We need to be able to know where our data is stored, and to specify which countries we want our data stored in, and which countries we want our data never to go near. In the meantime, we have to do the best we can. And recognize that in most cases we simply don’t know.
But when it comes to governments, unhappy as I am to say it, I would rather be eavesdropped on by the US government than by many other regimes.
AGITATE FOR POLITICAL CHANGE
In 2014, the European Court of Justice struck down the EU’s data retention rules, which required service providers to save e-mail and information about phone calls for two years. In response, the UK government rushed through a new law that reinstated the data retention requirement and also gave the police new surveillance powers over its citizens. It was an ugly political railroad job, but what’s interesting is how Prime Minister David Cameron justified the law on a radio program: “I am simply not prepared to be a prime minister who has to address the people after a terrorist incident and explain that I could have done more to prevent it.”
That’s fear talking, but it’s not fear of terrorists. It’s political fear of being blamed when there’s a terrorist attack. The career politician wants to do everything possible, regardless of the cost, regardless of whether it actually makes anyone safer, regardless of the side effects, to avoid blame for not having done enough. This fear explains most post-9/11 anti-terrorism policy, and much of the NSA’s mass-surveillance programs. Our politicians are scared that we’ll blame them because they didn’t do everything the intelligence agencies said they could have done to prevent further terrorism.
We have to convince them—and our fellow voters—that they should do the right thing anyway.
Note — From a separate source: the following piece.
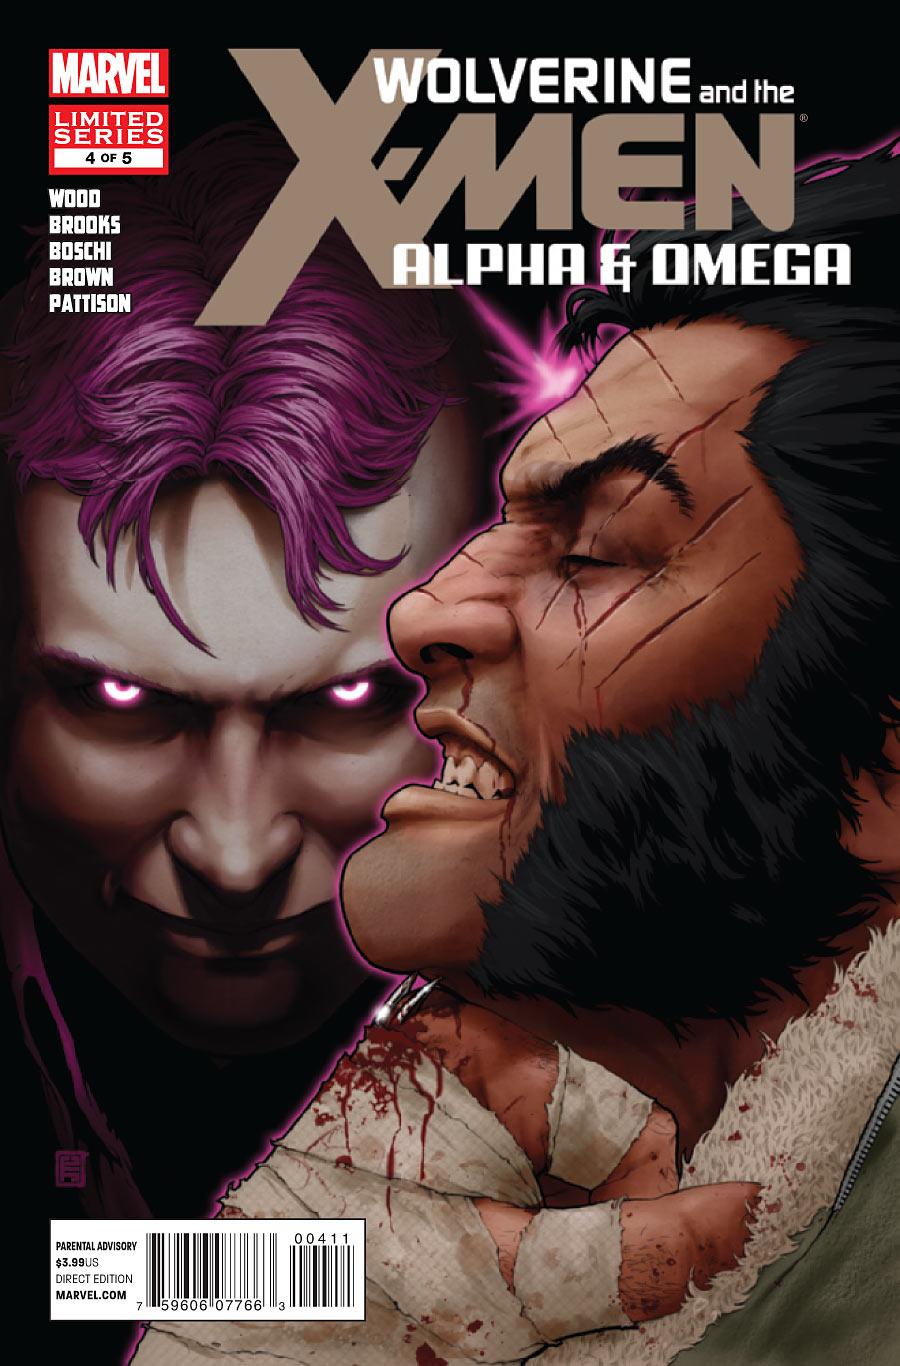 Wolverine and the X-Men: Alpha & Omega Vol. 1 #4

Most of the solutions offered in the preceding two chapters require the government to either enforce existing laws or change the law. By and large, neither of these things will happen unless we demand them. Politicians are reluctant to engage in these debates, and even more reluctant to enact meaningful constraints on government surveillance. Legislatures are naturally deferential to law enforcement demands, and the vast surveillance-industrial complex employs a powerful lobbying force to back them up. No one wants to be painted as being soft on crime or terrorism. And today, when US intelligence agencies are caught breaking the law, the only ones threatened with jail time are the whistleblowers.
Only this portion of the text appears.